START SOURCE DATA

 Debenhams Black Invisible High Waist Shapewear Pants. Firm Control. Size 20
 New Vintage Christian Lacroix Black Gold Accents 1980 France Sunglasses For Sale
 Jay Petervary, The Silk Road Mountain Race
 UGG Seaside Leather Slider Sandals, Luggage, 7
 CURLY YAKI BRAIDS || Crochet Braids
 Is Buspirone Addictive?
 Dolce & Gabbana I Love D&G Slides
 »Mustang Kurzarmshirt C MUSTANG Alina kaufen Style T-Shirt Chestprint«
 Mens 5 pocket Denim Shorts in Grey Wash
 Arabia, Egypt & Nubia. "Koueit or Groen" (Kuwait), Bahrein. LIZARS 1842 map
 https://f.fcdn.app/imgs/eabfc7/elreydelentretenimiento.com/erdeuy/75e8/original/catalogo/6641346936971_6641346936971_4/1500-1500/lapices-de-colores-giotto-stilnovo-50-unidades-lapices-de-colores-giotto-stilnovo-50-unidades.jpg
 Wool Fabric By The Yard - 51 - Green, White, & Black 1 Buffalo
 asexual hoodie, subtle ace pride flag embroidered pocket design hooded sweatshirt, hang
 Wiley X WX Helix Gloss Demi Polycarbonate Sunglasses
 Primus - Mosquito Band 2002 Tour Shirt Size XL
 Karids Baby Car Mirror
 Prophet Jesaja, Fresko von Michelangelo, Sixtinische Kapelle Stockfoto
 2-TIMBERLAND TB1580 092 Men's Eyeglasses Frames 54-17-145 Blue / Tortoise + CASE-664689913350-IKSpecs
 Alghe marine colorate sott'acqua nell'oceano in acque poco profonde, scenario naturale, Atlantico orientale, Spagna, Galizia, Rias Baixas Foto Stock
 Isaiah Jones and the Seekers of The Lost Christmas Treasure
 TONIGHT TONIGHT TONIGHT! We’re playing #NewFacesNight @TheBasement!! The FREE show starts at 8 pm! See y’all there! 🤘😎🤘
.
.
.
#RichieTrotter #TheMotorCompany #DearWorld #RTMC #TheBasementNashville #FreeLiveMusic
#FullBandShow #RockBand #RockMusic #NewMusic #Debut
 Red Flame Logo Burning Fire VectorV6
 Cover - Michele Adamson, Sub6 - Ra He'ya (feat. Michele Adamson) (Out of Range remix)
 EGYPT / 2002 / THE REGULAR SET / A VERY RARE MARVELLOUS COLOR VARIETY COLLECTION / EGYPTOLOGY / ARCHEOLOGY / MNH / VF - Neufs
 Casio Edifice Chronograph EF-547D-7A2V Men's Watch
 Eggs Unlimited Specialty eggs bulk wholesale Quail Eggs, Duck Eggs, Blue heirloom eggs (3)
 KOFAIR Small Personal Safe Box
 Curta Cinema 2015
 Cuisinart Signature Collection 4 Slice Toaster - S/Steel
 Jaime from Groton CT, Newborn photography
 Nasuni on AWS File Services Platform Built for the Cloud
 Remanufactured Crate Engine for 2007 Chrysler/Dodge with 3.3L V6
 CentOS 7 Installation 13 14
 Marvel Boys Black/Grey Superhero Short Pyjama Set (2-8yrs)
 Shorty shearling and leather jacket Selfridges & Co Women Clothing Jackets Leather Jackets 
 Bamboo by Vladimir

END SOURCE DATA

TASK DIRECTIONS:
Copy out every line of the data above, exactly as given.

EXPECTED ANSWER:
 Debenhams Black Invisible High Waist Shapewear Pants. Firm Control. Size 20
 New Vintage Christian Lacroix Black Gold Accents 1980 France Sunglasses For Sale
 Jay Petervary, The Silk Road Mountain Race
 UGG Seaside Leather Slider Sandals, Luggage, 7
 CURLY YAKI BRAIDS || Crochet Braids
 Is Buspirone Addictive?
 Dolce & Gabbana I Love D&G Slides
 »Mustang Kurzarmshirt C MUSTANG Alina kaufen Style T-Shirt Chestprint«
 Mens 5 pocket Denim Shorts in Grey Wash
 Arabia, Egypt & Nubia. "Koueit or Groen" (Kuwait), Bahrein. LIZARS 1842 map
 https://f.fcdn.app/imgs/eabfc7/elreydelentretenimiento.com/erdeuy/75e8/original/catalogo/6641346936971_6641346936971_4/1500-1500/lapices-de-colores-giotto-stilnovo-50-unidades-lapices-de-colores-giotto-stilnovo-50-unidades.jpg
 Wool Fabric By The Yard - 51 - Green, White, & Black 1 Buffalo
 asexual hoodie, subtle ace pride flag embroidered pocket design hooded sweatshirt, hang
 Wiley X WX Helix Gloss Demi Polycarbonate Sunglasses
 Primus - Mosquito Band 2002 Tour Shirt Size XL
 Karids Baby Car Mirror
 Prophet Jesaja, Fresko von Michelangelo, Sixtinische Kapelle Stockfoto
 2-TIMBERLAND TB1580 092 Men's Eyeglasses Frames 54-17-145 Blue / Tortoise + CASE-664689913350-IKSpecs
 Alghe marine colorate sott'acqua nell'oceano in acque poco profonde, scenario naturale, Atlantico orientale, Spagna, Galizia, Rias Baixas Foto Stock
 Isaiah Jones and the Seekers of The Lost Christmas Treasure
 TONIGHT TONIGHT TONIGHT! We’re playing #NewFacesNight @TheBasement!! The FREE show starts at 8 pm! See y’all there! 🤘😎🤘
.
.
.
#RichieTrotter #TheMotorCompany #DearWorld #RTMC #TheBasementNashville #FreeLiveMusic
#FullBandShow #RockBand #RockMusic #NewMusic #Debut
 Red Flame Logo Burning Fire VectorV6
 Cover - Michele Adamson, Sub6 - Ra He'ya (feat. Michele Adamson) (Out of Range remix)
 EGYPT / 2002 / THE REGULAR SET / A VERY RARE MARVELLOUS COLOR VARIETY COLLECTION / EGYPTOLOGY / ARCHEOLOGY / MNH / VF - Neufs
 Casio Edifice Chronograph EF-547D-7A2V Men's Watch
 Eggs Unlimited Specialty eggs bulk wholesale Quail Eggs, Duck Eggs, Blue heirloom eggs (3)
 KOFAIR Small Personal Safe Box
 Curta Cinema 2015
 Cuisinart Signature Collection 4 Slice Toaster - S/Steel
 Jaime from Groton CT, Newborn photography
 Nasuni on AWS File Services Platform Built for the Cloud
 Remanufactured Crate Engine for 2007 Chrysler/Dodge with 3.3L V6
 CentOS 7 Installation 13 14
 Marvel Boys Black/Grey Superhero Short Pyjama Set (2-8yrs)
 Shorty shearling and leather jacket Selfridges & Co Women Clothing Jackets Leather Jackets 
 Bamboo by Vladimir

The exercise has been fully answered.